Attribution of patient reported outcomes to the effects of care providers

Lead Research Organisation: University of Manchester
Department Name: Medical and Human Sciences

Abstract

Until this year, the NHS has not collected information routinely on the health of patients receiving different types of treatments from different health care providers. Consequently, it has been limited in its ability to perform three important functions: (1) spot well-performing and poorly-performing hospitals and general practices; (2) identify where its resources are best spent; and (3) offer useful information to patients when they have a choice of where to go for treatment or of the types of treatment they could receive. The collection of information on health and well-being is being rapidly introduced for all patients across the country. This is likely to show substantial variations between providers and treatments. Variations like these may reflect differences in the effectiveness and quality of different providers. However, there is a substantial amount of variation in levels of health experienced by different individuals that has little or nothing to do with the care they have received. To compare providers and interventions on a ?like-for-like? basis, and be sure we are really seeing variations in effect, we need to examine how the outcomes for the same (or very similar) patients change when they receive treatment from different providers. This is complicated by the fact that patients with long-term health problems often receive treatment from many different providers.
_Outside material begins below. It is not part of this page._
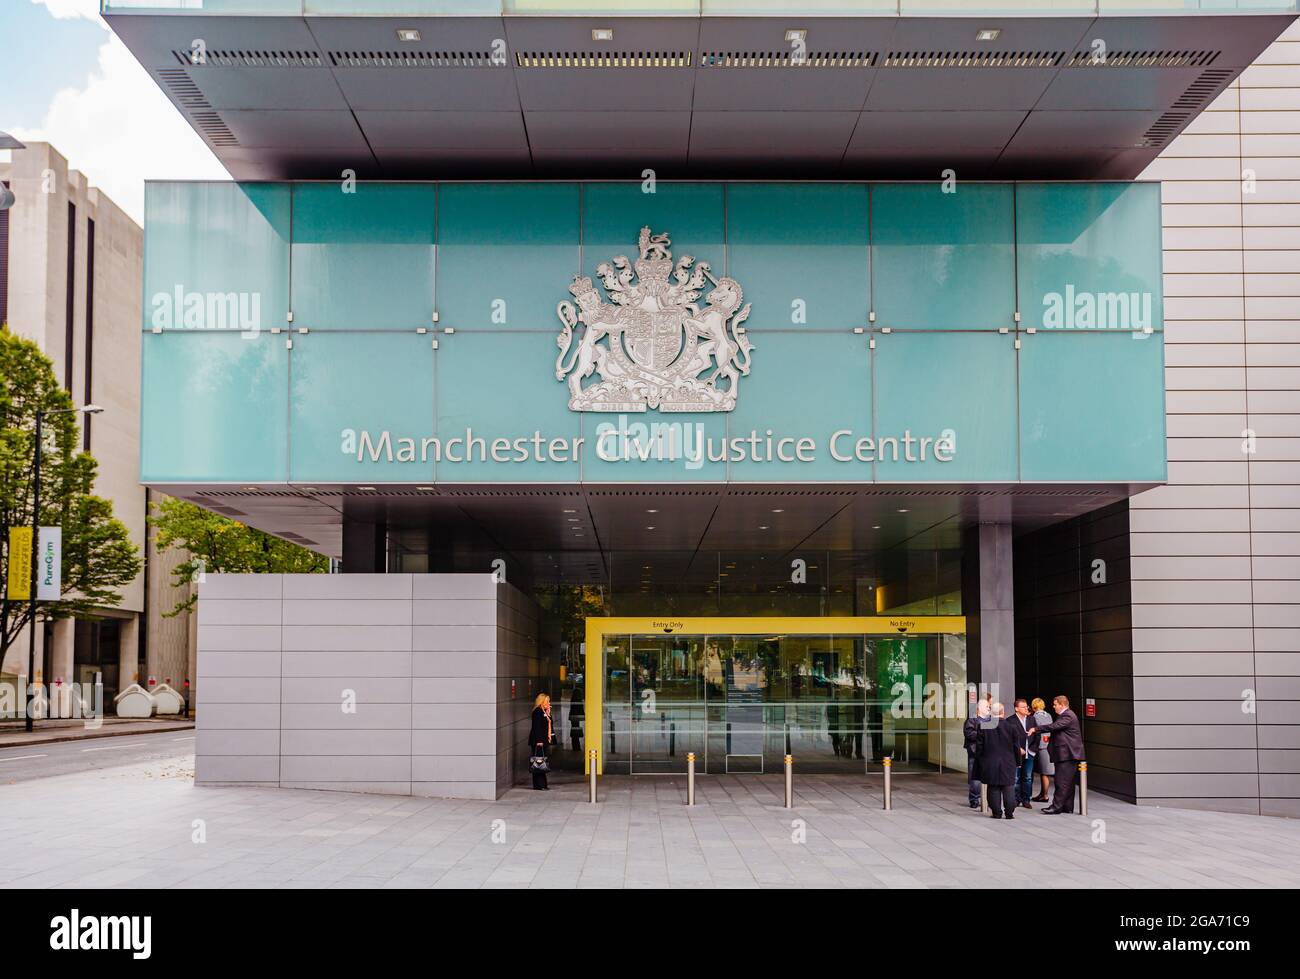 Manchester Civil Justice Center, ein modernes Gebäude von Regierungsgerichten in Spinningfields Manchester, Nordwestengland, Großbritannien Stockfoto

We propose to use methods that economists have recently developed to separate out the effects of care providers from the large variation we observe between individual patients. We will apply these to the data that the NHS is currently collecting on patient outcomes and five datasets that have been collected in other recent research projects. By comparing the results across these six datasets, we will be able to make recommendations on the amount of data that needs to be collected from patients and how variations between care providers should be interpreted. Our team involves individuals with expertise in different types of analysis and medicine. These include two senior NHS managers who have responsibility for promoting the effective use of resources. They will ensure we communicate our findings effectively to local and national decision-makers.

Technical Summary

Patient-reported outcomes are being collected routinely for four elective surgical procedures and will be extended to more patient groups and services over the next few years. Publication of their mean levels for care providers and interventions are intended to enable better patient and commissioner choice and increase allocative efficiency. These scores may be misleading if they do not accurately reflect the true effects of providers and interventions. A significant contribution to the variation in these scores will be heterogeneity between individual patients. Only a small proportion of this heterogeneity can be captured by measured patient characteristics. We have assembled a team containing health economic, econometric, statistical, clinical and health services research expertise and senior NHS roles. We propose to apply and develop techniques recently adopted by labour econometricians for estimating and separating effects attributable to employees and employers in matched datasets. These fixed-effect models allow flexibly for correlation between individual and group heterogeneity and we can use them to retrieve estimates of the extent to which there is selection or assortative matching of patients and providers. Thus, we can identify when variations in patient outcomes can be reliably attributed to provider and/or intervention ?effects?. We propose to apply these techniques to six datasets containing patient-reported outcomes. The datasets have widely-varying design properties, including different extents of longitudinal data on individuals, focuses on acute and long-term conditions, and numbers and types of providers. They are therefore a good representation of the types of outcomes datasets that will exist. We will compare the performance of the estimation techniques that can be applied to datasets with these design properties in terms of their theoretical appeal, the empirical distribution of provider effects that they produce and the results of applying placebo tests where pseudo-provider effects are implausible. Through effective presentation and dissemination, and the close involvement of two senior NHS economists, we will ensure that our results feed into national and local processes for analysing and interpreting this valuable new source of information on patient outcomes.